Internet photo collections exhibit an extremely long-tailed distribution: a few famous landmarks are densely photographed and easily reconstructed in 3D, while most real-world sites are represented with sparse, noisy, uneven imagery beyond the capabilities of both classical and learned 3D methods. We believe that tackling this long-tail regime represents one of the next frontiers for 3D foundation models. Although reliable ground-truth 3D supervision from sparse scenes is challenging to acquire, we observe that it can be effectively simulated by sampling sparse subsets from well-reconstructed Internet landmarks. To this end, we introduce MegaDepth-X, a large dataset of 3D reconstructions with clean, dense depth, together with a strategy for sampling sets of training images that mimic camera distributions in long-tail scenes. Finetuning 3D foundation models with these components yields robust reconstructions under extreme sparsity, and also enables more reliable reconstruction in symmetric and repetitive scenes, while preserving generalization to standard, dense 3D benchmark datasets.

Editorial analysis

A structured set of objections, weighed in public.

Desk editor's note, referee report, simulated authors' rebuttal, and a circularity audit. Tearing a paper down is the easy half of reading it; the pith above is the substance, this is the friction.

Referee Report

2 major / 1 minor

Summary.

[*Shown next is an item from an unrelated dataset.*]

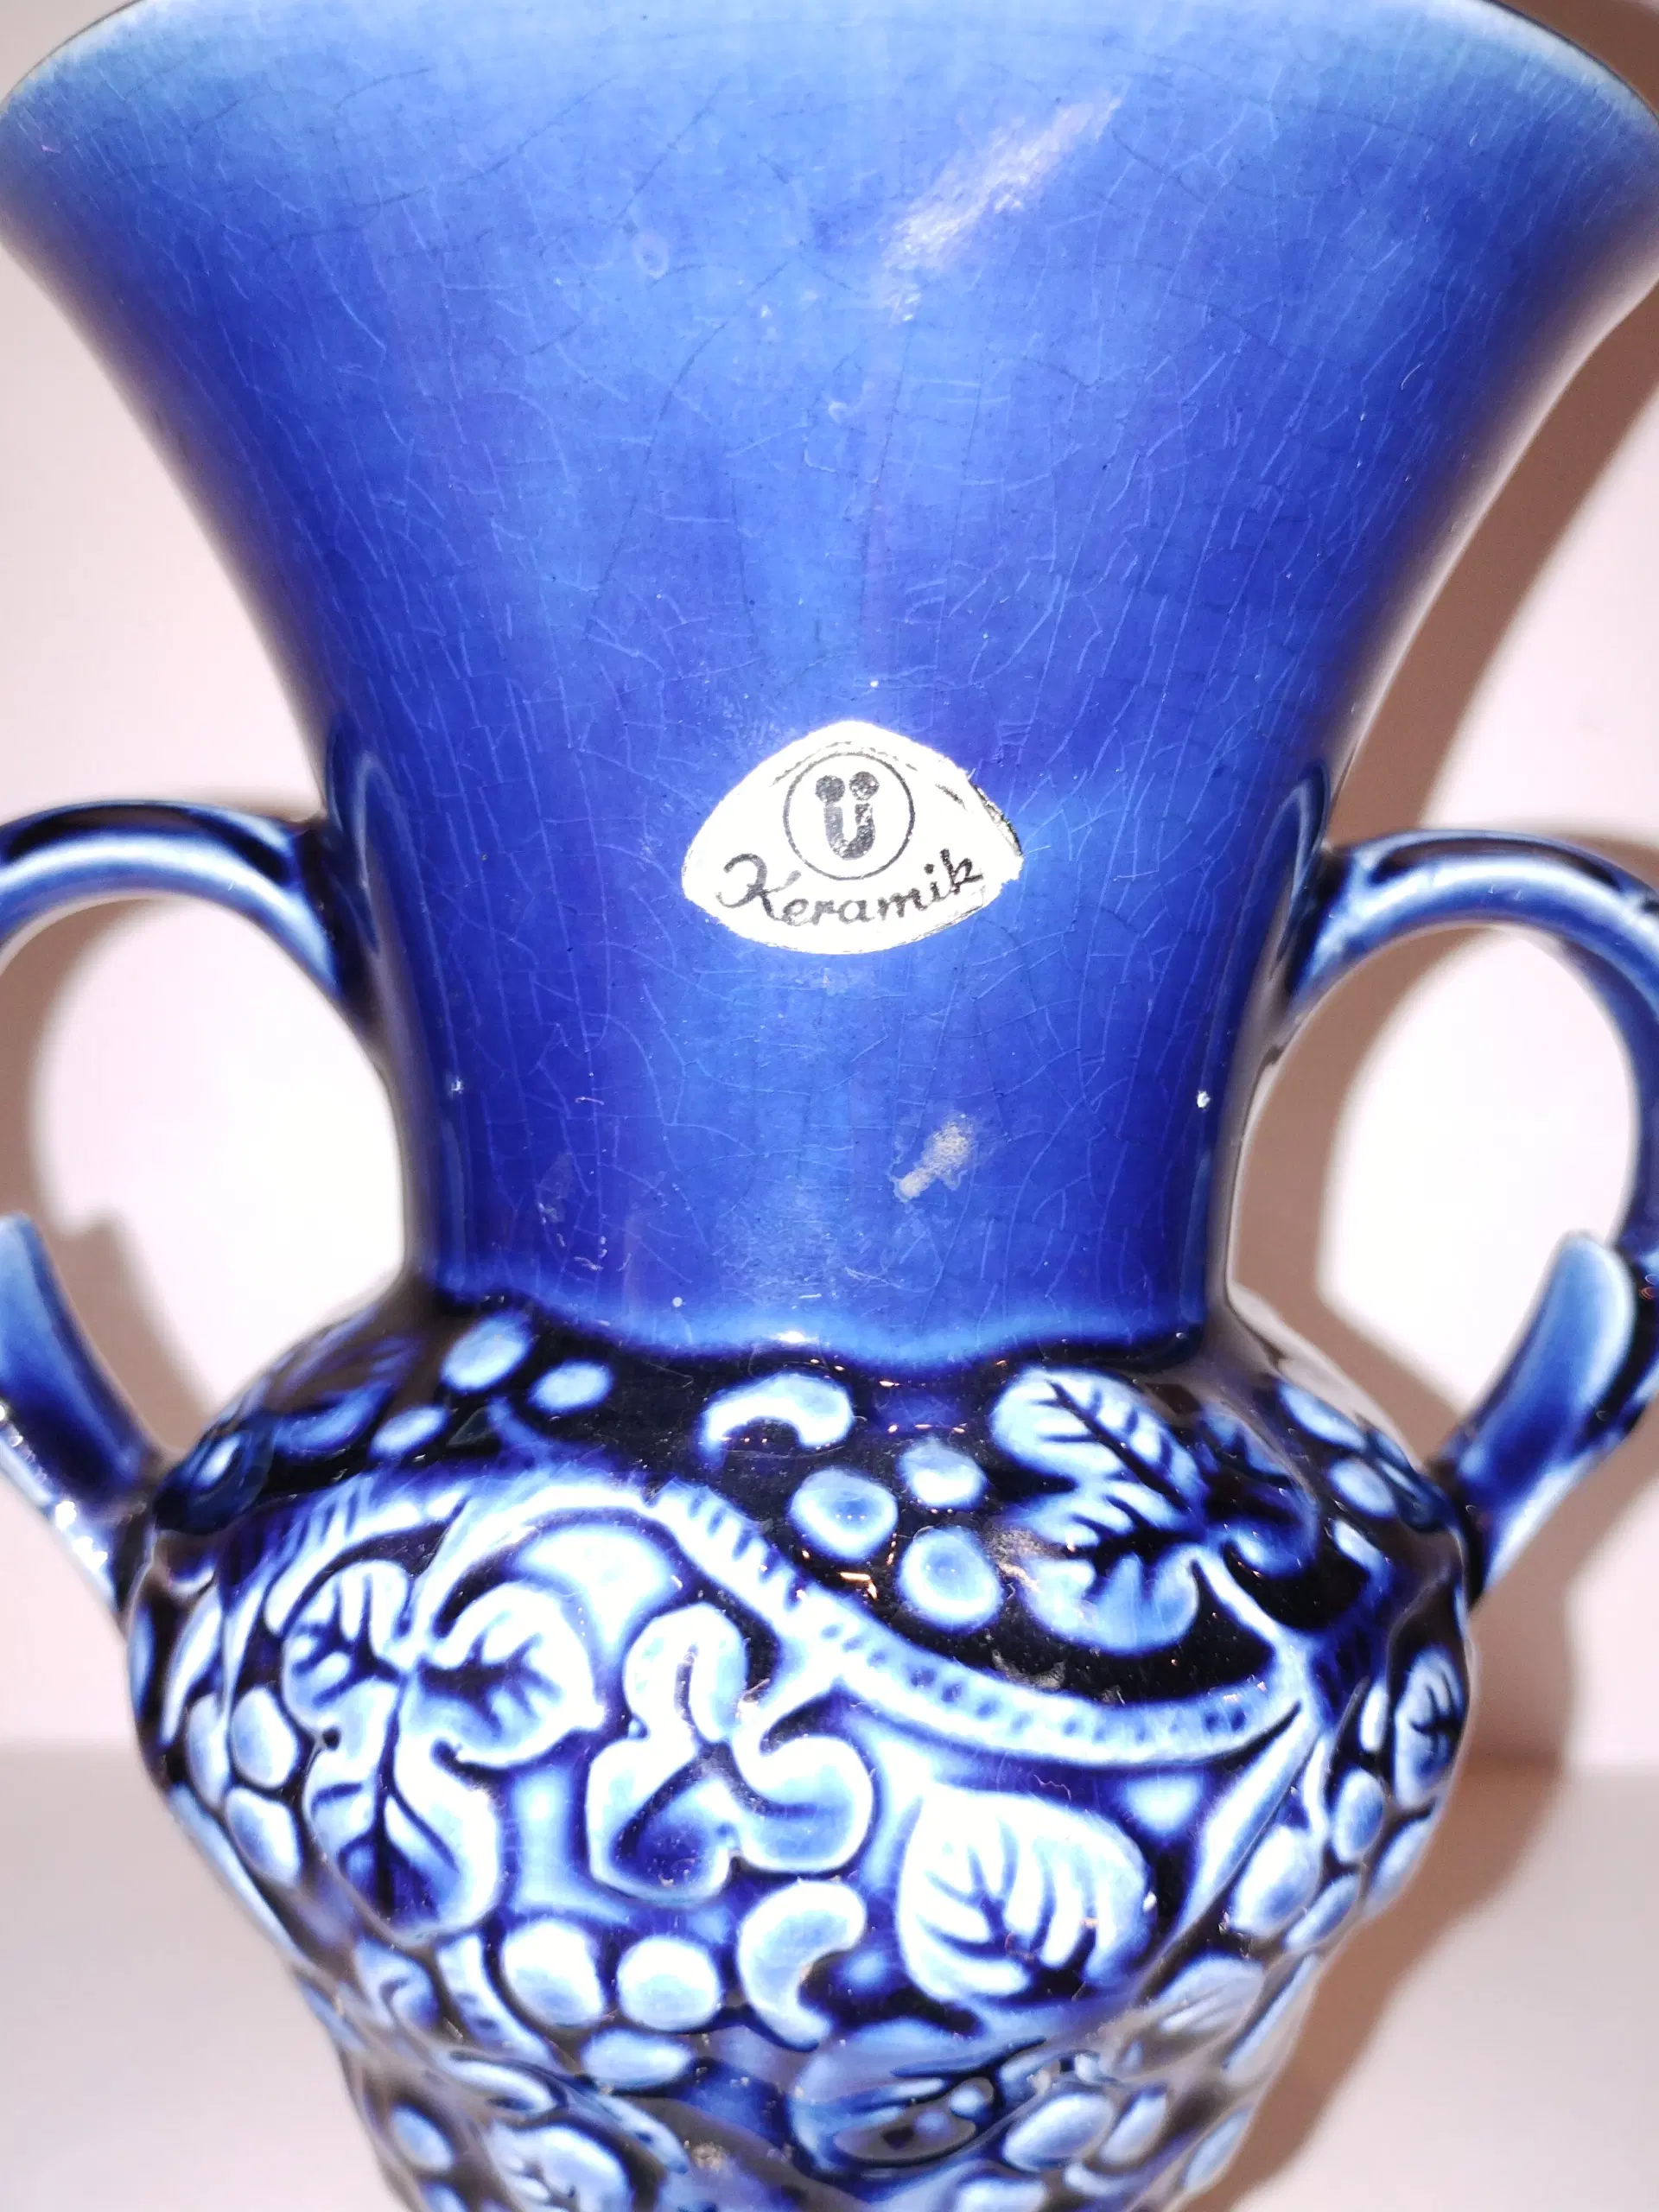 Übelacker Keramik vase

The paper introduces MegaDepth-X, a large dataset of 3D reconstructions with clean dense depth derived from Internet landmarks, together with a sampling strategy that selects sparse image subsets to simulate the camera distributions, noise, and coverage gaps typical of long-tail Internet photo collections. Finetuning 3D foundation models on this data is claimed to produce robust reconstructions under extreme sparsity and in symmetric/repetitive scenes while preserving generalization on standard dense 3D benchmarks.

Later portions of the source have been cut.